Phase 0: Inputs (Interactive)
If $ARGUMENTS is review [path], jump to Phase 3 (scrub-only) on the given file.
Otherwise, collect:
- 지원 회사 / 직무 / 연차
- 한 줄로 본인의 강점 (왜 합격해야 하는가)
- 가장 단단한 사례 1-2개 (수치 가능하면 수치)
- 톤:
~습니다 (default for cover-letter) or ~다
If the user pasted a job description, skim and ask:
지원 동기를 회사 측 어떤 한 줄(JD 발췌)에 묶을까요?
Phase 1: Skeleton Framing (Interactive)
- Generate a 5-section skeleton: intro / experience1 / experience2 / fit / closing.

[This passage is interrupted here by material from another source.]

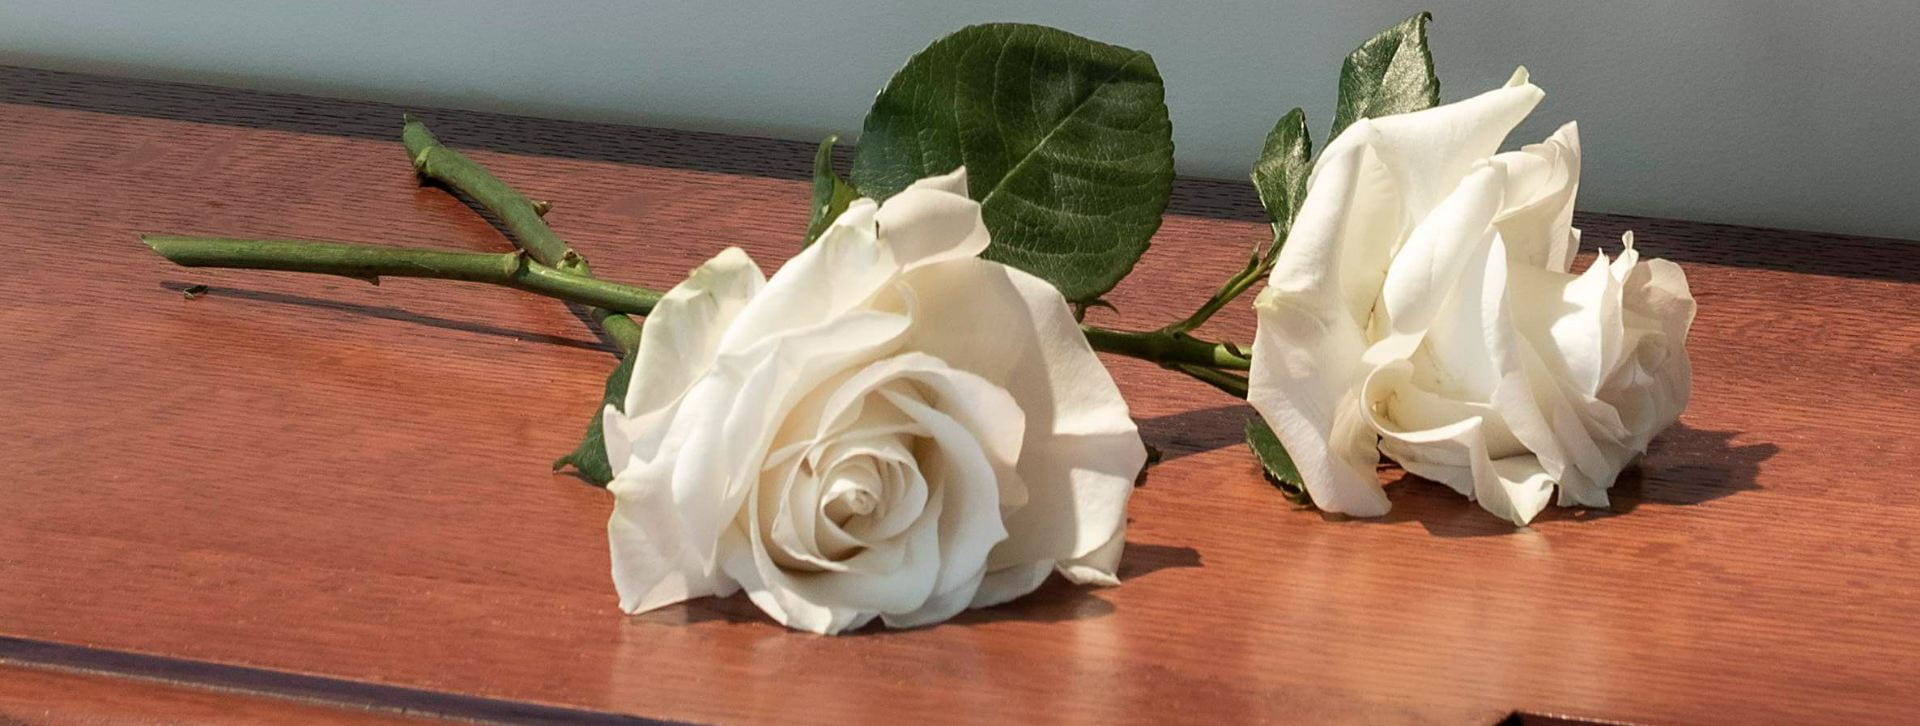 White roses for Aquinas Fire memorial plaque

- Each line is the topic sentence the section will defend (STAR shape). Show to user, iterate until confirmed.
- Confirm tone. Default
~습니다.
Phase 2: Spawn aiwriting-writer
Agent({
subagent_type: "aiwriting-writer",
description: "Draft cover-letter for {role} @ {company}",
prompt: "
Format: cover-letter
Topic: {role} @ {company}
Skeleton:
intro: {one-liner}
experience1: {one-liner}
experience2: {one-liner}
fit: {one-liner}
closing: {one-liner}
Tone: {~습니다 / ~다}
Output target: cover-letter-drafts/{kebab-case-slug}.md (current working directory)

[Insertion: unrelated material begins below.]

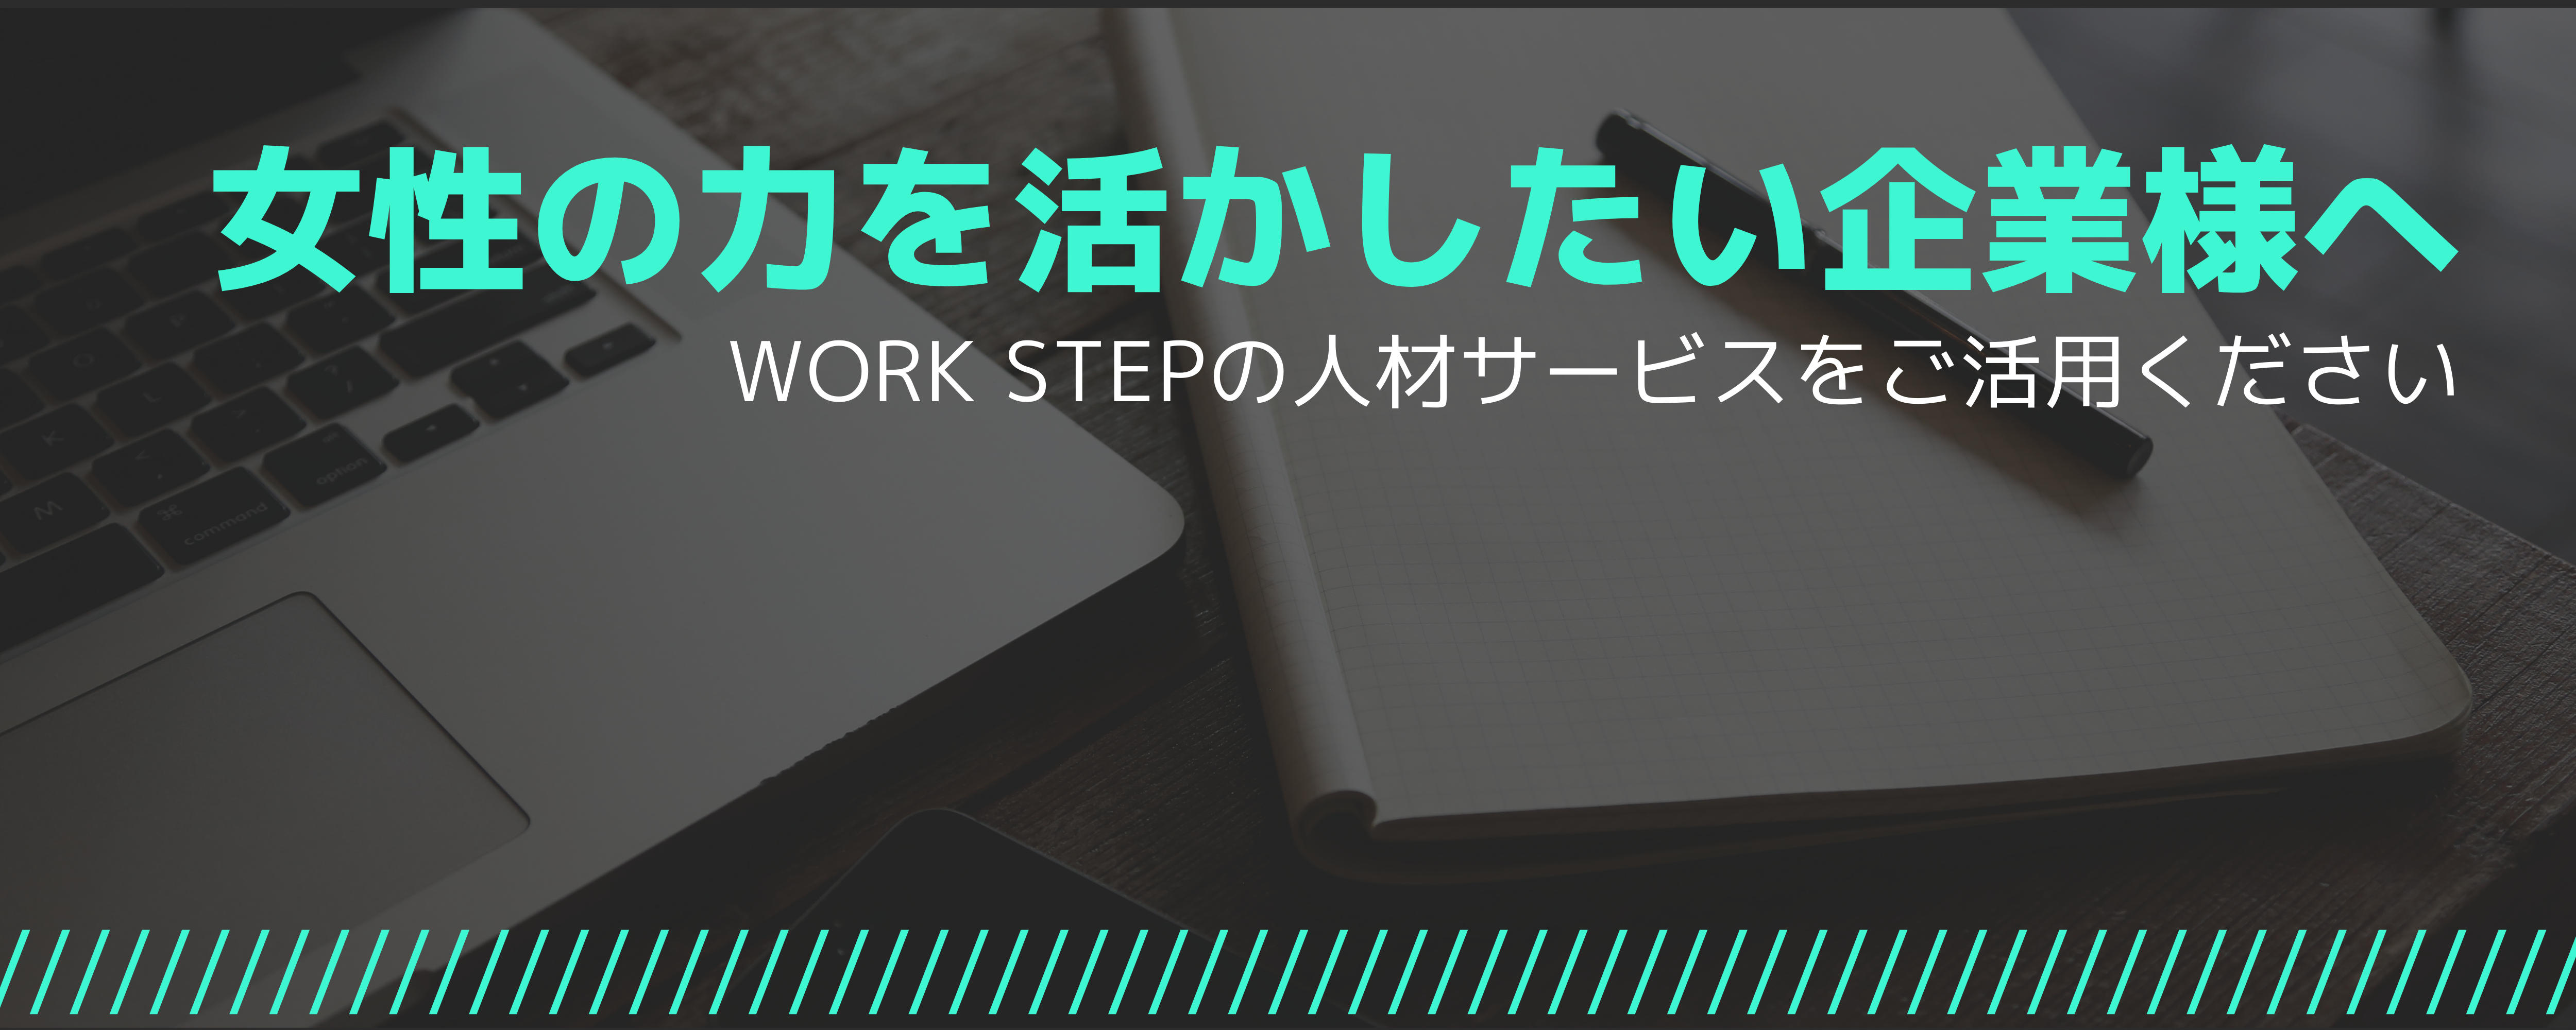 WorkStep(企業向け）

Load knowledge from skills/cover-letter/{philosophy,cover-letter-templates}.md
(plugin-relative). Return the absolute path of the saved file plus a short summary.
"
})
Capture the returned absolute path.
Phase 3: Spawn aiwriting-scrubber
Agent({
subagent_type: "aiwriting-scrubber",
description: "Scrub AI tells from {filename}",
prompt: "
Draft file: {absolute_path_from_phase_2}
Format: cover-letter
Apply R1-R7 from skills/blog/ai-tell-rules.md (plugin-relative).
Cover-letter does NOT require a `## 요약` section - skip the R3 summary insertion.
Return the scrub report.
"
})
If $ARGUMENTS was review [path], stop here and surface the report.
Phase 4b: aiwriting-copy-killer (LLM-free)
Agent({
subagent_type: "aiwriting-copy-killer",
description: "Score AI-likeness of {filename}",
prompt: "Draft file: {absolute_path}. Threshold: 0.35."
})
Phase 4c: aiwriting-fact-checker (LLM-free)
Agent({
subagent_type: "aiwriting-fact-checker",
description: "Fact-check {filename}",
prompt: "Draft file: {absolute_path}. Known facts: known_facts.yml (cwd)."
})
Hard-evidence categories (numbers, dates, semver, quotes, proper nouns) are flagged when not in known_facts.yml. For cover-letter, this catches inflated experience claims and unverified company facts.
Decision matrix
| Scenario | writer | scrubber | critic | copy-killer | fact-checker |
|---|
| Standard cover-letter | yes | yes | skip | yes | yes |
/aiwriting:cover-letter review {path} | skip | yes | skip | yes | yes |
| User insists on argumentation review | yes | yes | optional | yes | yes |
Important notes
- 자기소개서 첫 문장은 가장 단단한 단언으로. "안녕하세요" 류 인사 금지.
- "최선을 다하겠습니다" 류 추상 수식어 0회 (R2 + ai-tell-rules.md 카탈로그).
- 회사명·직무명은 본문 어딘가 1회는 명시.
- 수치는 known_facts.yml 의 항목으로 yaml 등록. fact-checker 가 통과시킨다.